As detailed above, the criminal action against Plaintiff was dismissed on motion by the superior court under California Penal Code § 1385. This provision provides: "The judge or magistrate may, either of his or her own motion or upon the application of the prosecuting attorney, and in furtherance of justice, order an action to be dismissed. The reasons for the dismissal must be set forth in an order entered upon the minutes." Cal. Penal Code § 1385(a). California courts have noted that dismissals "in the interests of justice" under this section do not necessarily reflect on the guilt or innocence of the criminal defendant because such a dismissal "does not necessarily imply factual innocence, but rather may reflect the result of a negotiated or pragmatic disposition of the case." People v. Matthews, 7 Cal. App. 4th 1052, 1056 (1992). Accordingly, courts have found that "interest of justice" dismissals, in themselves, do not qualify as a termination in favor of a criminal defendant for malicious prosecution purposes. See, e.g., Nhia Kao Vang v. Decker, No. 2:12-cv-01226-MCE-AC, 2013 WL 1420674, at *8 (E.D. Cal. Apr. 8, 2013). This is especially true where the dismissal is the result of a negotiated settlement; in Minasian v. Sapse, 80 Cal. App. 3d 823 (1978), the California Court of Appeal stated:

A dismissal resulting from negotiation, settlement, or consent is generally not deemed a favorable termination of the proceedings. In such a case the dismissal reflects ambiguously on the merits of the action as it results from the joint action of the parties, thus leaving open the question of defendant's guilt or innocence. Similarly ambiguous is the dismissal of criminal proceedings "in the interests of justice," as this term ". . . implies considerations which would favor each side to this litigation."
Id. at 827 n.4 (citations omitted) (quoting De La Riva v. Owl Drug Co., 253 Cal. App. 2d 593, 600 (1967)); see also Cantu v. Resolution Trust Corp., 4 Cal. App. 4th 857, 882 (1992) (dismissals based on negotiated settlement generally will "not constitute favorable termination of an action for the purposes of a malicious prosecution claim," because "dismissal due to settlement, negotiation or compromise reflects ambiguously on the merits of the action and leaves open the question of the defendant's guilt or innocence."). To be sure, the Ninth Circuit has noted that an "interest of justice" dismissal can constitute a favorable termination "if it reflects the opinion of the prosecuting party or the court that the action lacked merit or would result in a decision in favor of the defendant." Awabdy, 368 F.3d at 1068.

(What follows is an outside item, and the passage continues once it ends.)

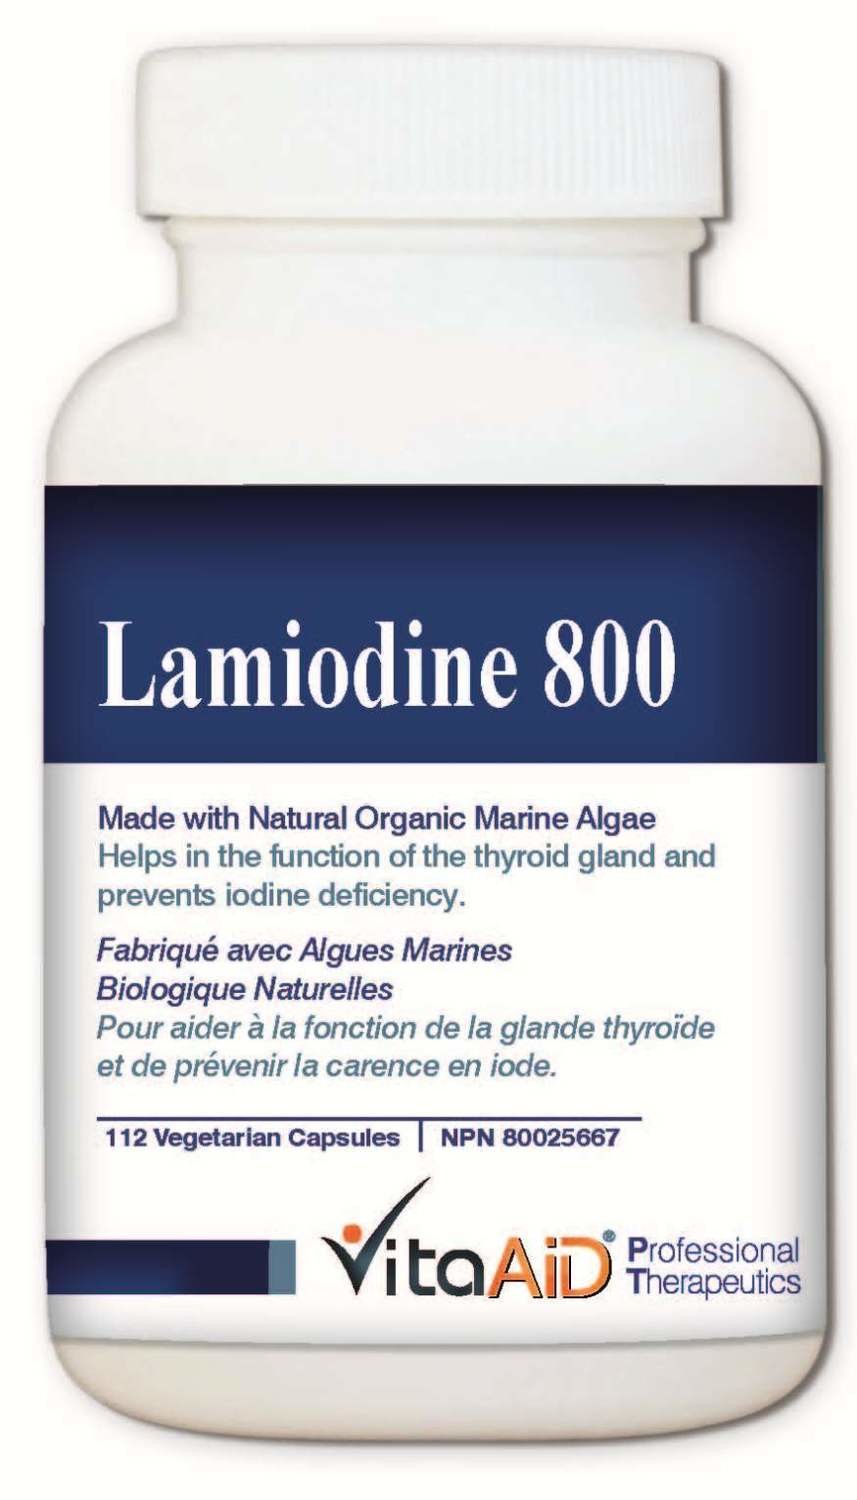 Lamiodine 800 by Vita Aid

The Court begins by noting that Plaintiff's criminal case was dismissed by Judge Meeks on motion from Judge McCarthy. See April 14, 2009 Transcript at 5:16-19 ("All right. I'm granting Judge McCarthy's motion. Dismiss 1385. I don't know how you're going to come up with this. Judge McCarthy's motion was being granted by Judge Meeks."). Accordingly, under Awabdy, the Court must determine whether there is a basis for a jury to conclude that, in moving to dismiss Plaintiff's case under § 1385, either Judge McCarthy or Judge Meeks believed that the action against Plaintiff "lacked merit or would result in a decision in" his favor. Awabdy, 368 F.3d at 1068. The Court concludes there is no basis in the record to so conclude.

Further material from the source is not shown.